# Need advise on how to put plans and photos onto home theater construction ????



## alan monro (May 9, 2006)

My home theatre is finally coming together.:jump: I have been taking photos with my new digital camera, I am still getting used to it ,my last camera was a 35mm film type,but film is too inconvenient, I don't have say any more on that. I would like to share my construction and ideas I had and have. I am open to ideas that other people have about my obsession. Without H.T.S.as a general guide I would be up river without a paddle. So, if somebody wouldn't mind telling me how to put the plans and photos on this Forum it would be most appreciated .Kind regards alan.


----------



## Sonnie (Apr 11, 2006)

Generally you need a photo program to size your images to not more than 800 pixels wide and saved to .jpg or .gif file with the file name of your choosing. I use Paint Shop Pro... and older version 8 which cost me very little via ebay. Once you get the images saved to your computer you can upload them to Home Theater Photos using the upload link. Be sure to choose the appropriate category.

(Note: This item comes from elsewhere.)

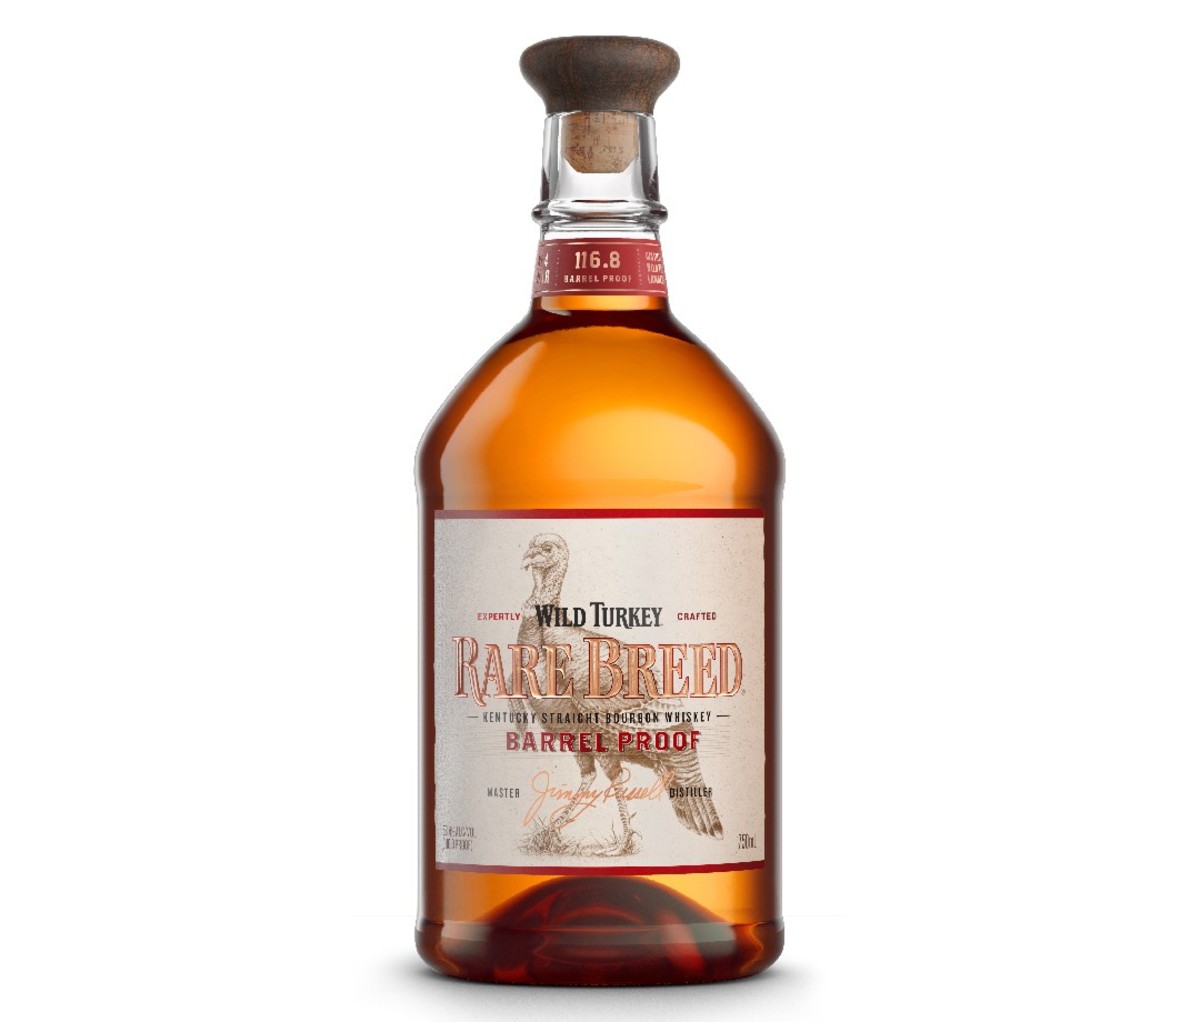 A bottle of Wild Turkey Rare Breed bourbon.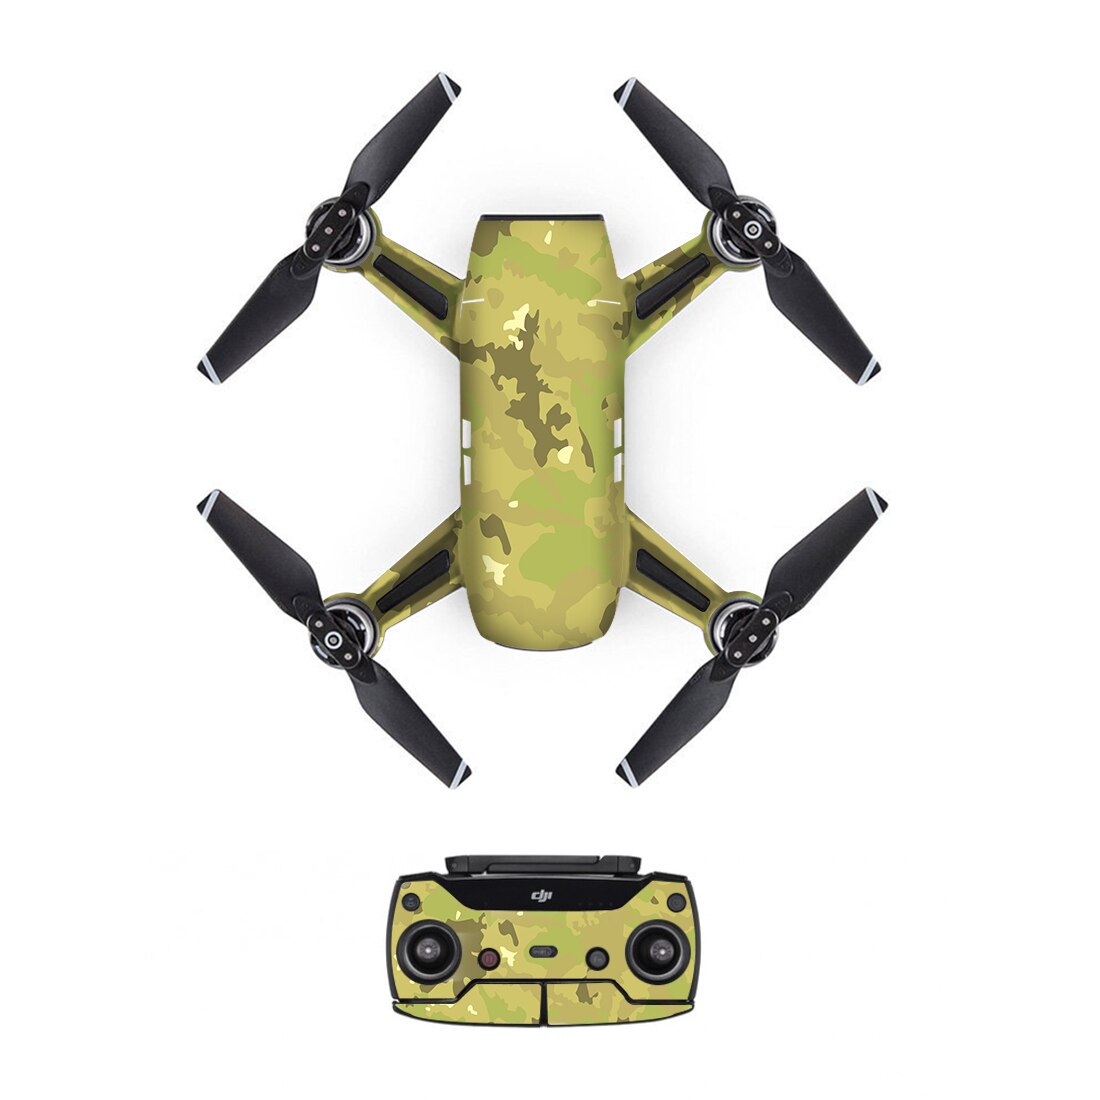 [DJS0017] Camouflage Pvc Sticker Skin Sticker Voor Dji Spark Drone Body + Remote Controllers + 3 Batterij Beschermende cover

You may be able to upload any size image to the photo gallery and it may resize it to the maximum size allowed, I can't remember how it works exactly, but you can try. 

Once you get the images uploaded, you go to that image and there is a link you can use to post the image in your thread post using the







button. Just post that link in the pop up dialog box when you click on that button.


----------



## Otto (May 18, 2006)

Hi Alan, 

Sonnie's info is right on, of course. I'll add that I use IrfanView to do quick resizes, rotations, etc. Google for it and I'm sure you'll find it. It's free.


----------